You’re right, my English leaves much to be desired. To be fair, and as my wife confirmed in real time when I read your comment, I’m also difficult to follow in Italian. I tend to speak/write either in broad, convoluted, interlocked circles of sentences, or else in fragmented bits – “arena sine calce” (sand without cement) as Caligola said about Seneca (if I can dare comparing with Seneca!!!). In my “style” and in this article I try to find a rhythm by alternating the two. But thanks for noticing that yes, English is not everyone’s native language: even more, for the appreciation of the article.
Your English is fine, Jo (and BTW, nice article!), but then I am dealing with Japanese English all the time. There were glitches, but I had no trouble following your meaning.
My Japanese is just awful Really awful. The Russian I produce is probably not much better.
Hello everyone,
I’m Jo Red!
Thank you very much to the Saker for hosting me in this legendary space, I’m humbled!
And thanks to all of you who read and appreciated the article. So far, it received almost 10 000 views and very appreciative and intelligent comments. It’s greatly rewarding.
I hope to find the time (as you can imagine this is not my main occupation) to start my own blog, in which case I will ask Andrei permission to inform you here. Anyway, I’ll continue to submit to the Saker.
For the moment, you can find me on Twitter (Reazione & Rivoluzione @Giorgio80650164) and Facebook (https://www.facebook.com/profile.php?id=100086184651506 username Giorgio Rossi, Reazione e Rivoluzione).

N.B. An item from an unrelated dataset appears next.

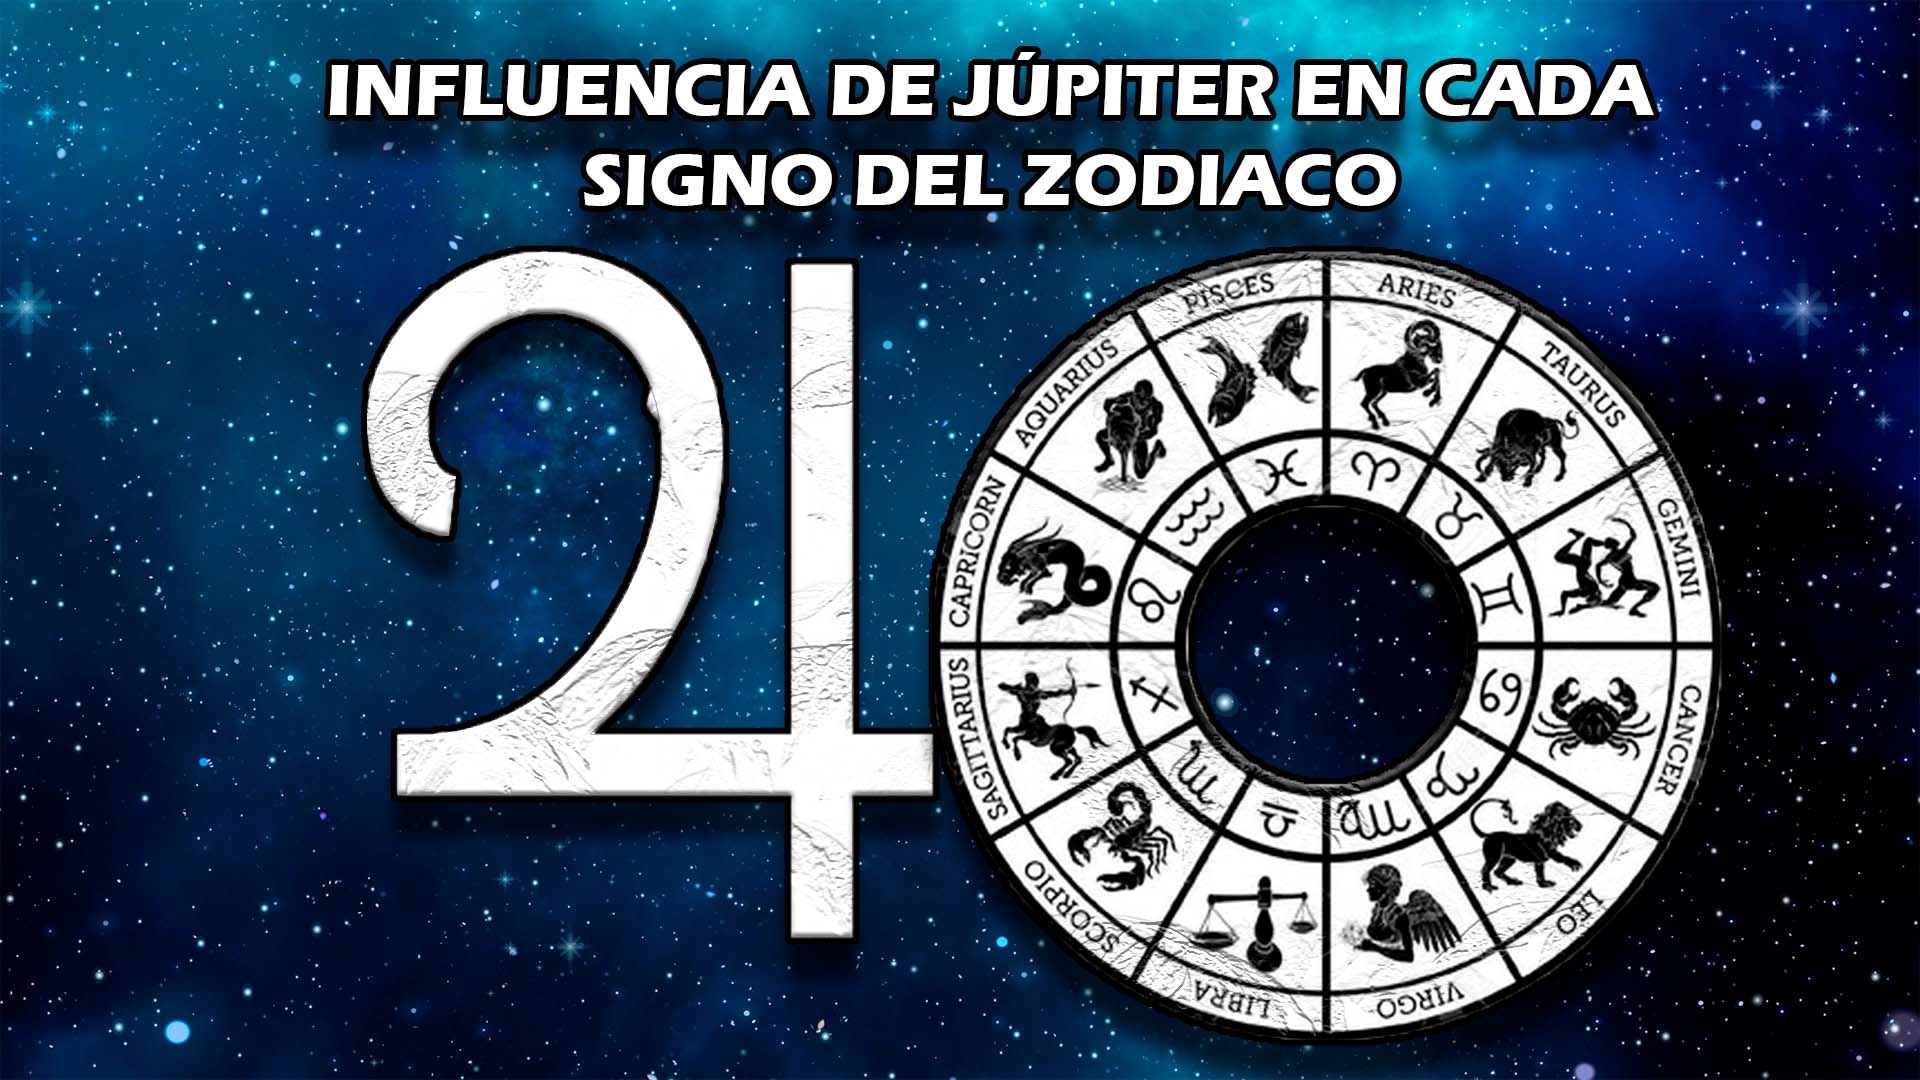 Influencia de Júpiter en cada signo del zodiaco

I’m also opening a Telegram channel.
On my channels I try to counter propaganda/disinformation by sharing interesting news that I find to be unjustly neglected in mainstream medias. My sources are Russo-Chinese channels in English, plus French, Italian, sometimes also Spanish and Portuguese ones. I try to verify everything I share – or declare when I’m unable to do so – and add the occasional comment/analysis/context.

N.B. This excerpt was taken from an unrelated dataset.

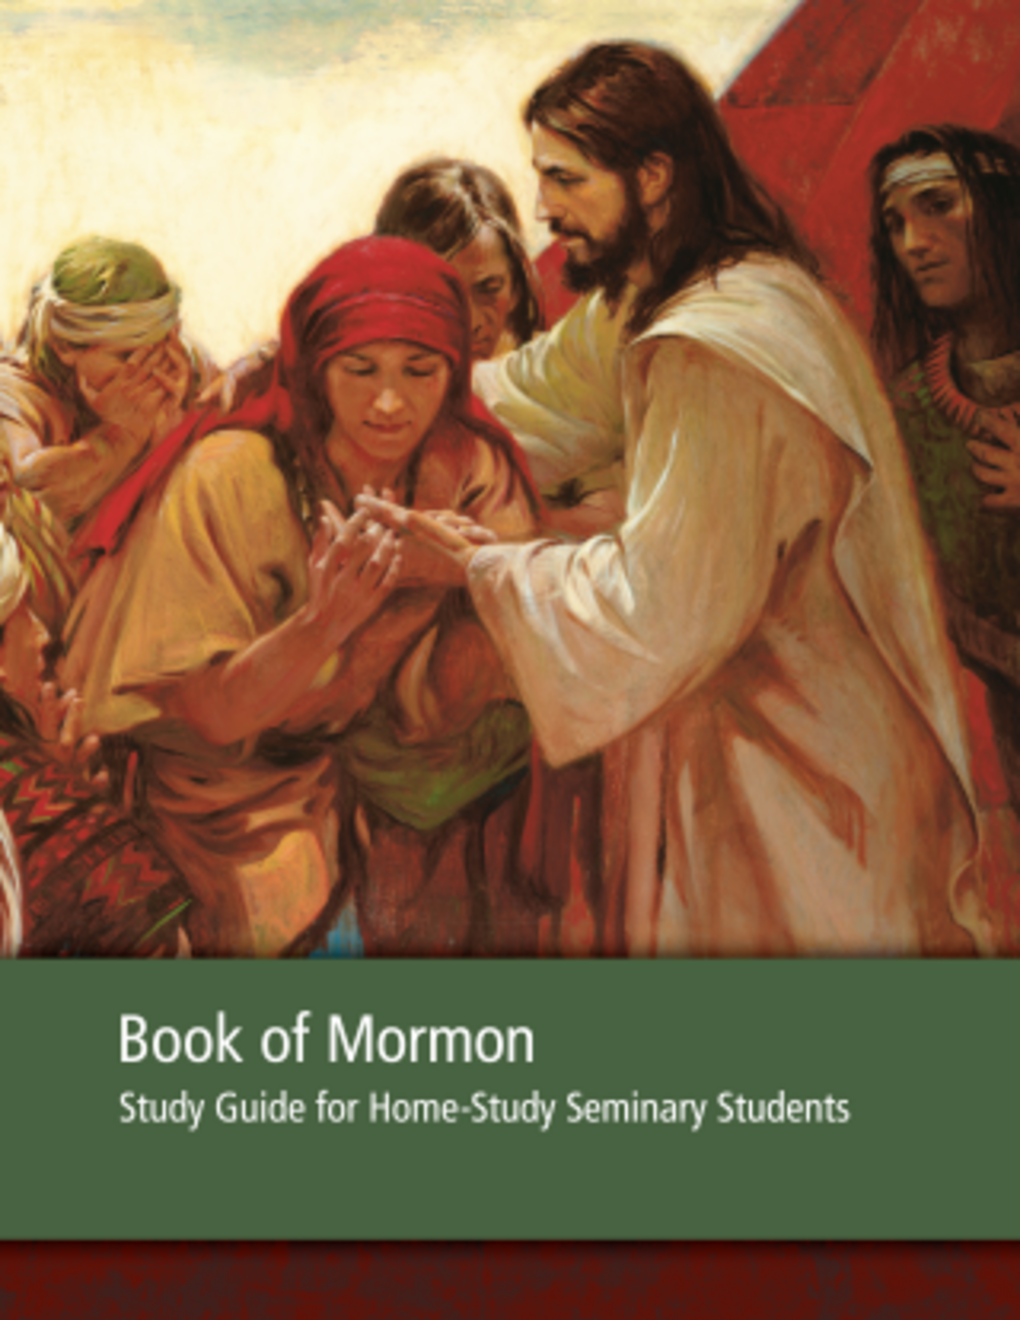 Penuntun Penelaahan Kitab Mormon bagi Siswa Seminari Belajar di Rumah - 2013

This article is a good example of the kind of the news I cover: the next one, focused on Italian affairs will show another perspective.
Tweets I’ve shared in recent days are about Russia launching the Angolan satellite, the appeal to the umpteenth US intervention by the Haitian dictator, the sacking of the Chadian Prime Minister, analyzing the Russian strike on Ukraine, and so on. I also comment on “trendy” topics as anybody else (e.g., Musk having enough of being kicked in the balls and threatening to suspend Starlink for Ukraine). I hope to add some blogging/posting about everyday life but haven’t found the time so far.

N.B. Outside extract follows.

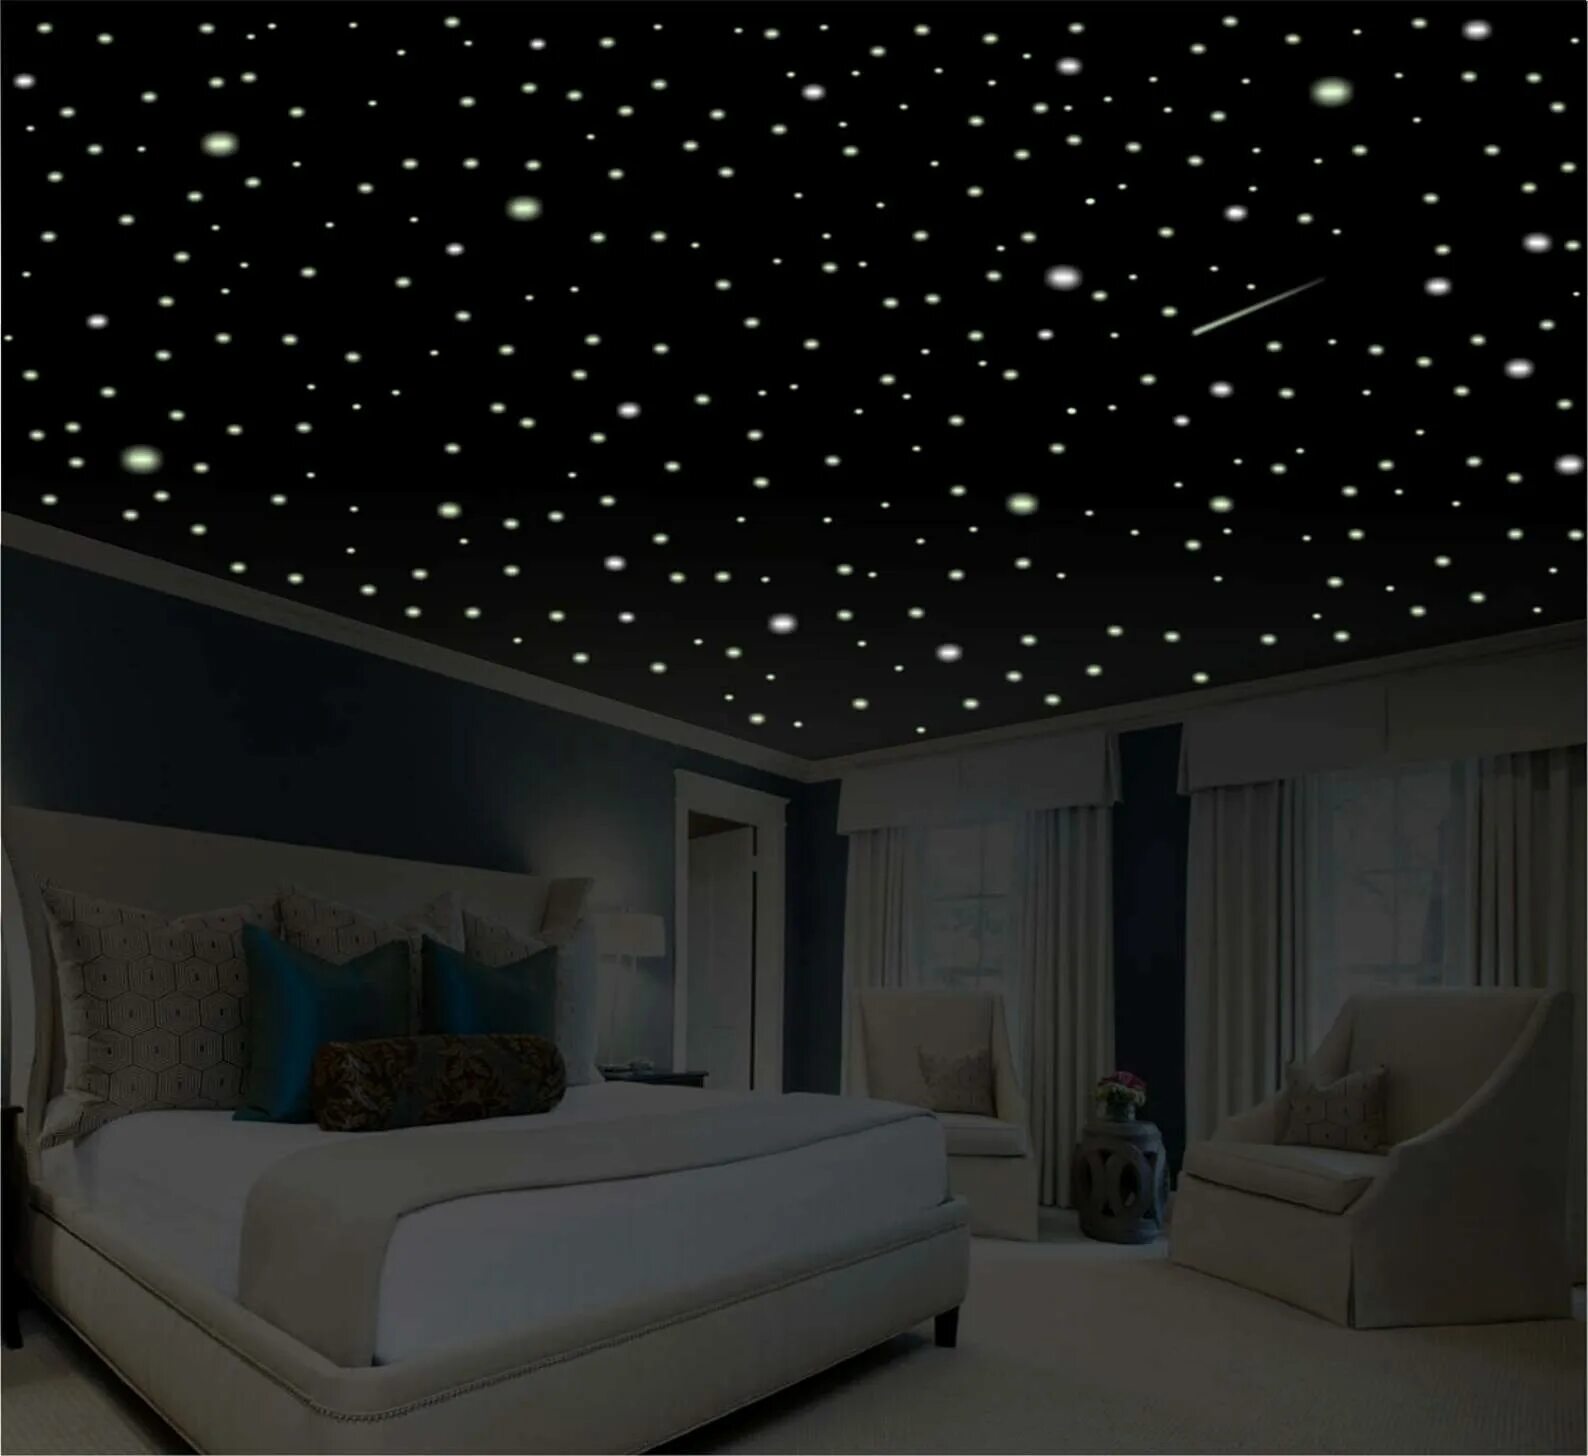 Светила звездного неба. Натяжной потолок звездное небо. Звездное небо с мерцанием звезд + натяжной потолок. Потолок "звездное небо" 20 плиток. ВИПСИЛИНГ звездное небо.

You’ll see I juggle with English, Italian and French: with mixed results! Seen my profile pages can be especially disorienting as I alternate between languages. I hope that the substance of the info expressed, and exchange will excuse the pitiful form. I’m sorry in advance for the mistakes, typos, weird phrases, and thank you very much for your tolerance and patience. Part of the reasons for this torture is that I would like to remind Francophones and Italophones they exist, while connecting them with the broader conversation which is mostly in English.
My values and goals are pretty much the same as the Saker as I know them.
I’m a Russophile, Catholic, “left of work-right of values” in politics. I respect all people and civilizations and get frustrated when they don’t respect themselves or each other. I’m very happy to engage in conversation with everyone as long as this is done with mutual respect.
Cheers and thanks again to Andrei for having me, and to all readers for giving a purpose to my efforts.
Jo
You sound like in Salvatore of Montferrat in “Il Nome Della Rosa” by Umberto Eco! Paljon lenguas mecha-gucha.
HI Jo
Bravo on an extremely well-written and constructed article.
I look forward to many more and would love to see your analysis of how you think the Meloni PM term is likely to play out.
In the meantime, I have sent you a Farsebook friend request.
Cheers and warm regards from the antipodes
Col
Thank again Colin! My pleasure! Hope you are doing well “down under”! You know, we are often intrigued by NZ’s resembling an Italy “upside down”! Hope to reach that wonderful land as well one day. Best.